Язык, казалось, распух во рту, потяжелел, и вряд ли мою речь можно было назвать внятной. Но все-таки парень отвел в сторону луч фонаря, и я смог разглядеть его. Широкое круглое лицо, густые черные брови под капюшоном спортивной ветровки. Нос картошкой, нижняя губа лепешкой.
– Ты кто такой?
– Да я-то Саня! – звонко воскликнул парень. – А вот ты кто такой?
Но я проигнорировал его вопрос. И отвечать не хотелось, и каждое слово давалось с трудом.
– Далеко убежище?
– Какое убежище?
– Ну, ваше убежище, – пробормотал я.
– Зачем нам убежище?
– Как зачем? А война?
– Какая война?
– Атомная… Атомная война… Нейтронная бомба над Москвой.

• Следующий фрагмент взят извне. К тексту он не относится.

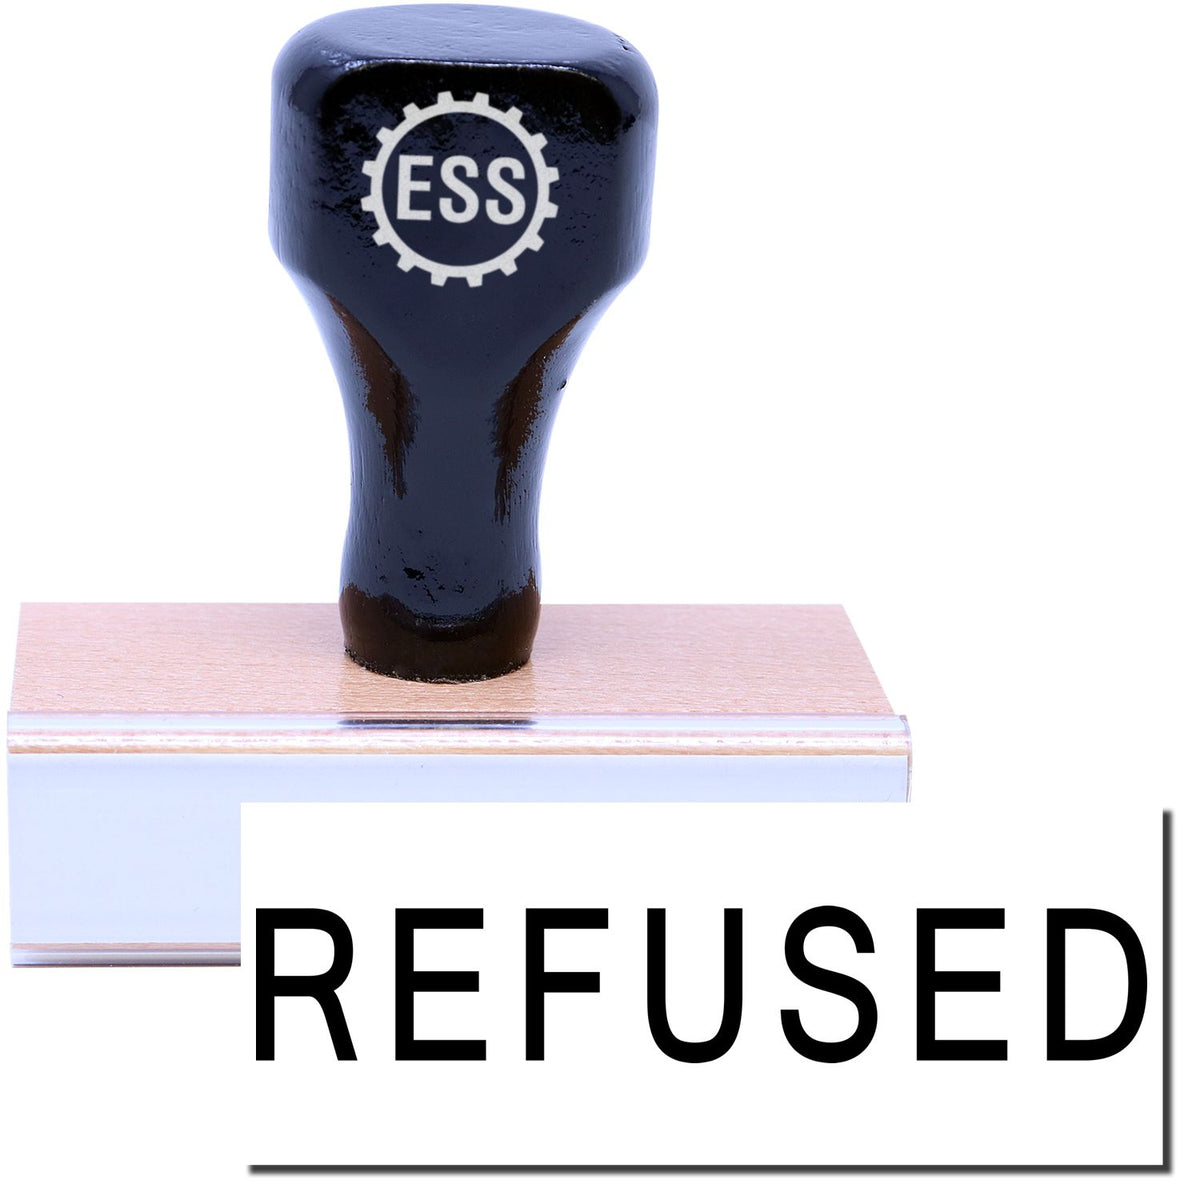 A stock office rubber stamp with a stamped image showing how the text &quot;REFUSED&quot; in a large font is displayed after stamping.

– Что это с ним? – спросила невидимая девушка.
– Бредит, – ответил ей парень.
Я действительно находился в горячечном состоянии, но это не значило, что я нес бред. Тем более что недавний международный конфликт на самом деле закончился чередой ядерных взрывов. И я не бредил – я всего лишь хотел знать, насколько сильно пострадала моя страна. Но я не смог задать такой вопрос, потому что потерял сознание.
Глава третья
1
Бабочка в безумном танце порхала вокруг лампочки под потолком, билась об нее, обжигала крылья. Ее тень металась по серым, потрескавшимся стенам отсека, в конвульсивной пляске проносилась перед глазами. Мое сердце и сознание пульсируют в том же судорожном ритме.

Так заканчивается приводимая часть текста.